The fund's comments, in its latest Fiscal Monitor report, come as food prices have surged by half since 2019 while energy bills have soared in the wake of Russia's invasion of Ukraine.

"Countries all around the world are facing more pressing and more painful trade offs," Vitor Gaspar, director of IMF's fiscal affairs department, told AFP.

The combination of inflation along with food and energy price surges point to a cost-of-living crisis, he said.

The global economy has been hit by multiple shocks in the past year.

Countries spent heavily to protect their economies during the pandemic, then faced supply chain issues as they emerged from Covid lockdowns.

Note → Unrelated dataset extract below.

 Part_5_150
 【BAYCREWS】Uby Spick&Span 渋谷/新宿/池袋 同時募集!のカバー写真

Inflation soared further after Russia invaded Ukraine, with food and energy prices going through the roof.

"Households are struggling with elevated food and energy prices, raising the risk of social unrest," the IMF report said.

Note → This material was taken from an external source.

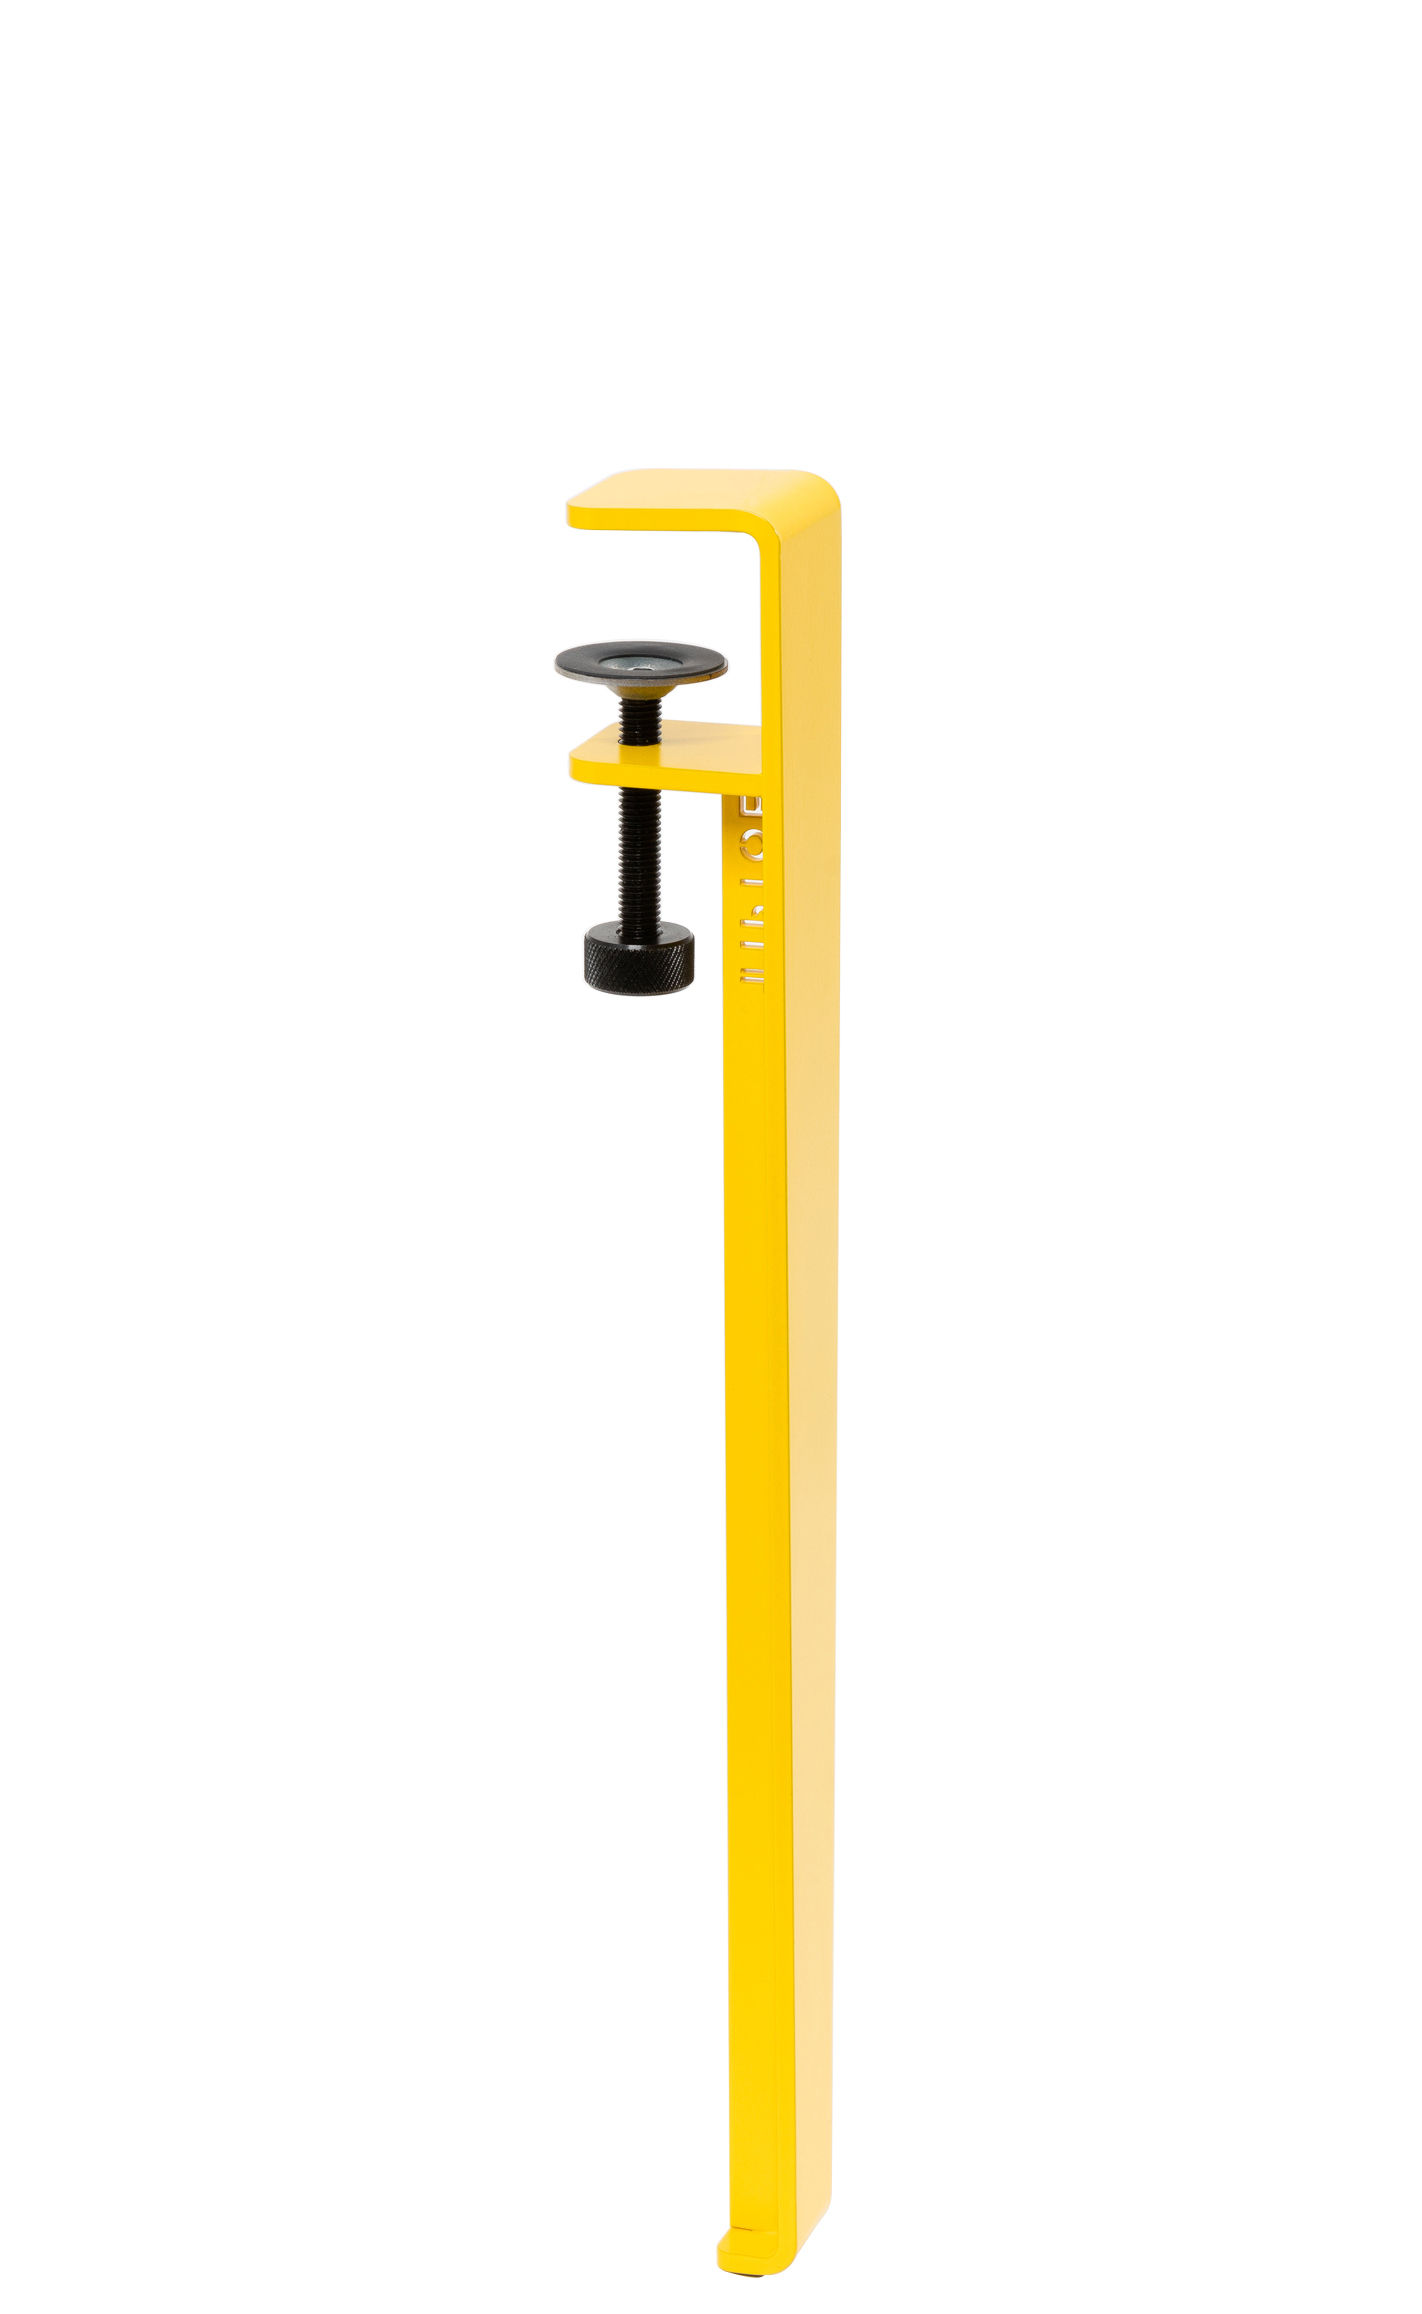 Mobilier - Tables basses - Pied avec fixation étau / H 43 cm - Pour créer tables basse & banc - TipToe - Jaune Cobalt - Acier thermolaqué

But, it added, "fiscal policy trade-offs are increasingly difficult, especially for high-debt countries where responses to the Covid-19 pandemic exhausted their fiscal space."

As governments operate within tighter budgets, prioritizing policies and programs becomes vital, the report said, adding that key goals are ensuring access to affordable food and protecting low-income households from inflation.

But with long-lasting supply shocks and broad-based inflation, attempts to cap surging costs through price controls, subsidies or tax cuts will be "costly to the budget and ultimately ineffective," the IMF warned.

Officials should instead allow prices to adjust and provide targeted cash transfers to the most vulnerable.

Countries may also need to raise added revenues and contain the growth of other expenditures as they prioritize policies, the fund said.

But it cautioned that low-income countries will need more global humanitarian assistance and emergency financing, given their limited resources.